# Schools near Torrox



## adamlang (May 25, 2018)

Hi all,

does anybody have any information on schools in the Torrox area? roughly.
We have a 10 yr old and a 7 yr old. like many parents we are trying to provide our children with good education if that is state school, Intentional, Private, home tutoring?
the children are starting to learn Spanish, as we are moving next July after my son finishes his SATS. 

Any help would be appreciated 

Adam


----------



## kaipa (Aug 3, 2013)

Yes this has been dealt with on lots of different threads. You don't say where you are from but we can assume the USA as you talk of SATS. 

Basically if you dont intend to return with your children to your home country then a Spanish education seems more appropriate. 

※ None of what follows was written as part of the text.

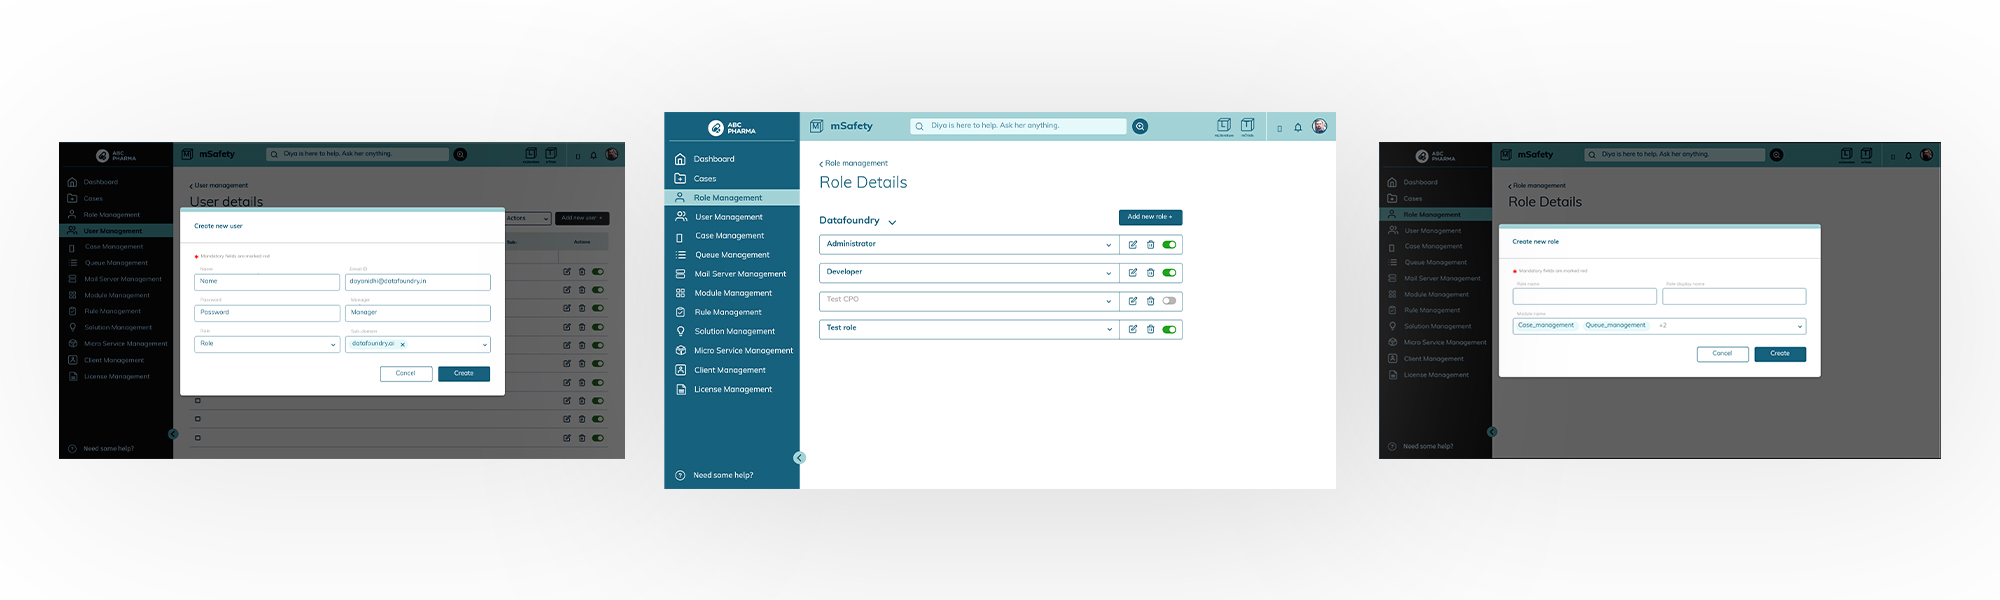 03 msafety by datafoundry client admin screens

First do some research. The Spanish system is pretty ...old school to use a terrible pun. That is the emphasis is on continuous testing and memorizing. It is very hard on the kids and with relation to more progressive educational philosophies pretty in effective. A lot of stress place on young people for very little gain. Compared to systems used in Scandanavia the Spanish system simple fails both teachers and students. However some people hold different views and believe it to good. So give it a bit of thought first
Secondly your eldest sounds like they will be 11 by the time you move that could be too late for acquiring the language before secondary school. A bilingual college would be better but will be private. 
Thirdly without the language as parents your children will struggle as will you. They get lots of homework which at a young age will require either you or a tutor to assist with.
So if you really care about their education you need to get as much information as possible and then sit down a make a big decision. 
Finally homeschooling is illegal here so that isn't really a possibility.
Sorry to bit negative but as a parent of a child in the Spanish school system I have some reservations
Good luck


----------



## adamlang (May 25, 2018)

hi Kaipa

Thanks very much for your response, and sorry for the delayed reply.
we are from the England, we are currently having Spanish lessons my boy who is 10 has picked it up no bother " like a duck to water" but my 7 yr old is hit or miss i think because her brother is doing well i think she feels slightly embarrassed.
what area roughly are you near? we will be staying in torrox to start with


----------